その一方で、ポーラの両親は、子供の声が聞こえない、あるいは聞こうとしない親のメタファー(隠喩)とも映る。その指摘に「私としては、その部分がある種のパラドックス(逆説)なのです」と切り出したラルティゴ監督は、「人は、自分の経験が少ないことに関しては不安を抱き、積極的にそれを相手に勧めることができません。無意識のうちに、分かち合うことを制限してしまっているのです。でも、自分が意図しないことを誰かがやろうとしているとき、自分の物差しでその善しあしよしあしを判断してはいけないのです。でも、そうせずにいられないのが人間。そのようなとき、どれだけその人の言葉を聞き入れることができるか、それが私たちの課題であり、この映画の中でも描いているのです」と力を込める。

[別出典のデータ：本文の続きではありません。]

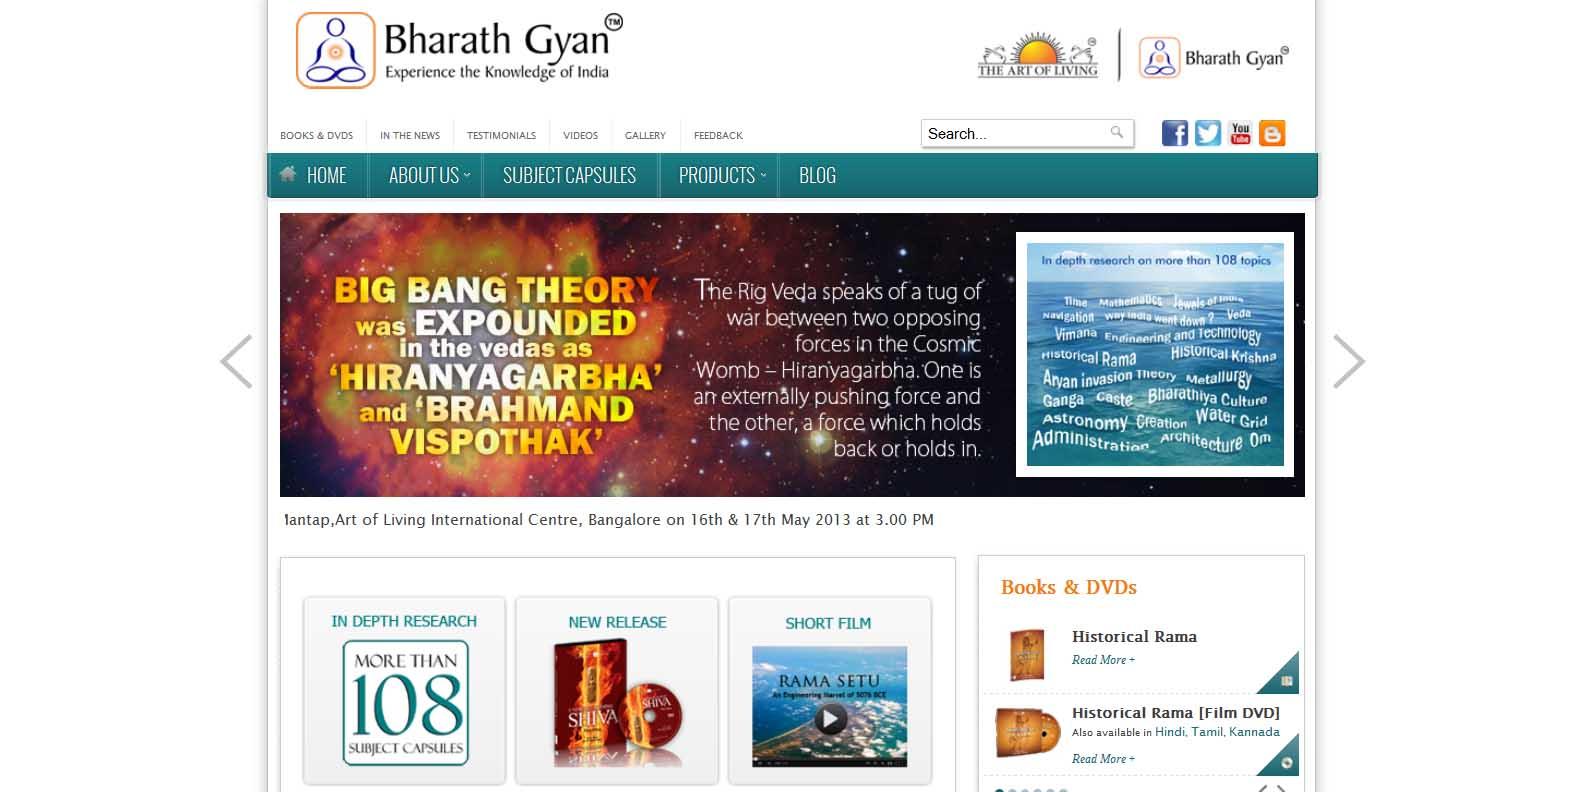 Bharath Gyan Site

ポーラを演じたルアンヌ・エメラさんは、1996年のフランス生まれ。世界的な人気を誇る歌のオーディション番組「The Voice」で“奇跡の歌声”と称賛され歌手デビューし、さらに今作でスクリーン(映画)デビューを飾った期待の新星だ。ラルティゴ監督によるとエメラさんは「4歳くらいから歌手になる夢を持っていて、今回の映画をきっかけにそれが一気にかなった」という。そんなエメラさんについて、ラルティゴ監督は「初めての演技は、彼女にとっていろんな不安があったと思う。私としても、いかに自分を信頼してもらい、カメラの前に立ち、いかに自然な演技をしてもらうか」に気を配ったという。
その「自然な演技」が際立つシーンがある。ポーラが初めて音楽教師の家を訪れレッスンを受ける場面だ。歌詞を間違え、唇をいじりながらもじもじする姿が愛らしい。「ワンテイクでオーケーだった」というその場面の撮影について、「彼女のそのときの先生に対する視線、こんなところで間違えて、そんな私でもコンクールに行けるのかしらという不安など、いろんな気持ちが入り混じった表情、そういうものすべてが、本当にあの瞬間、美しく撮れたと思います。期待以上の瞬間でした」と振り返る。

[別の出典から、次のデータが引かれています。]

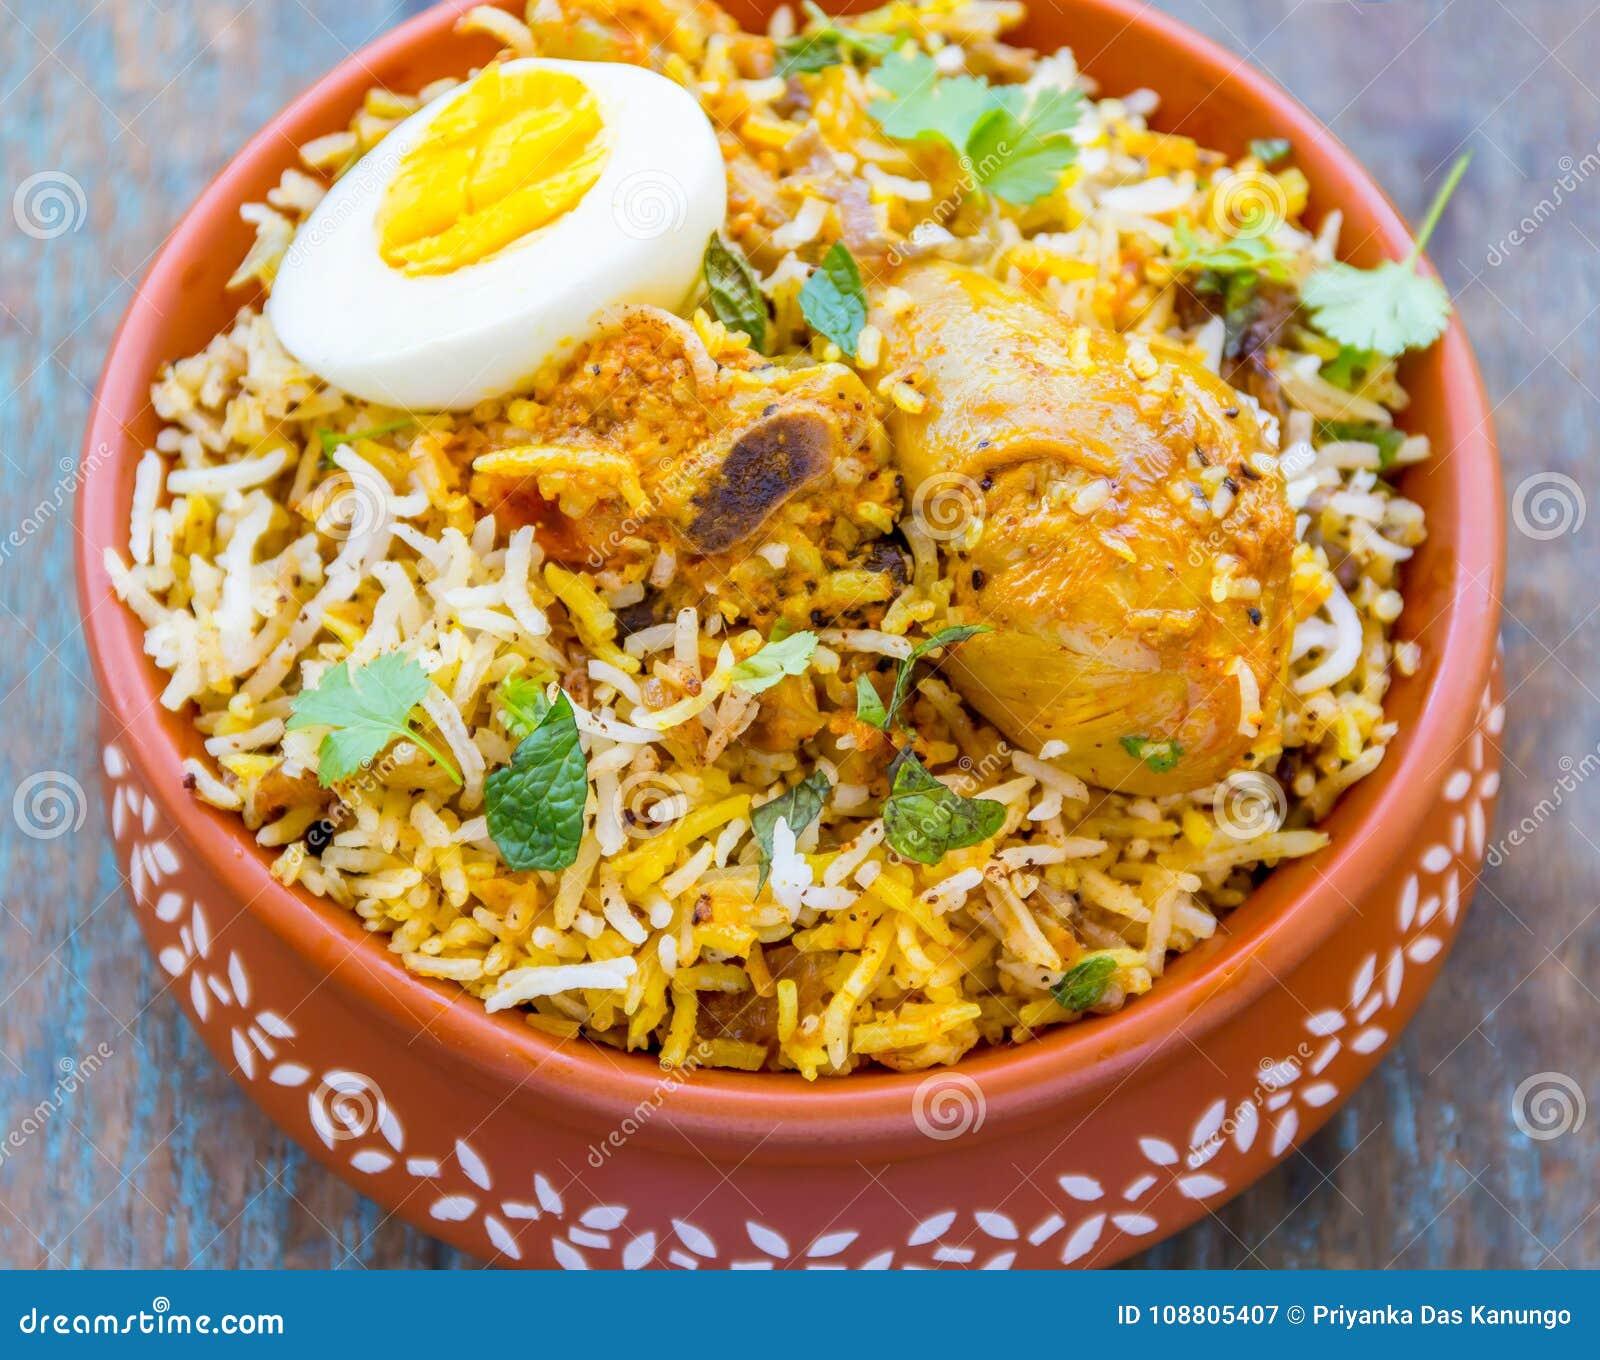 Chicken Biryani - Traditional Indian Rice Dish With ...

半面、歌と手話の両方で感情を表現するクライマックスのオーディションシーンの撮影は「すごく大変だった」と明かす。エメラさんは、「思うように声が出なくなりパニックに陥り、隅っこで何回泣いたか分からないくらい」で、監督自身も「一瞬、無理かなと思った」そうだ。しかし、「結果的にはやり遂げた」と、エメラさんの頑張りをたたえた。
そうやって完成した今作。テーマは「旅立ち」だ。そこで、これから人生における転機を迎える人、あるいは飛び立とうとしている人に対して、ラルティゴ監督にメッセージをお願いした。すると、「今、社会にはものすごくたくさんの選択肢があり、それはイコール物事がものすごく複雑化しているということです」と前置きし、「その中で、将来的なことに対して、自分の夢や、やりたいことがあるのなら、その方向に則したものを選んでいくことが重要です」と話す。そして、そのとき間違わない選択をするには「自分は何をしたいのか、自分は何が欲しいのか、その都度、自分の声をきちんと聞き、また、それに響いてくれる周りの人の声にもきちんと耳を傾ければよいのではないでしょうか。特に、思春期の若い人たちは」と勧め、その上で、「もし、何かスローガンを挙げるとするなら『自分自身を信じよ!』ということですね」とはなむけの言葉で締めくくった。映画は10月31日から全国で公開中。
<プロフィル>
1964年生まれ、フランス出身。数々のテレビシリーズを手掛けた後、2003年に映画監督デビュー。ほかの監督作に「ビッグ・ピクチャー 顔のない逃亡者」(10年・日本未公開)、オムニバス映画「プレーヤー」(12年)の1編がある。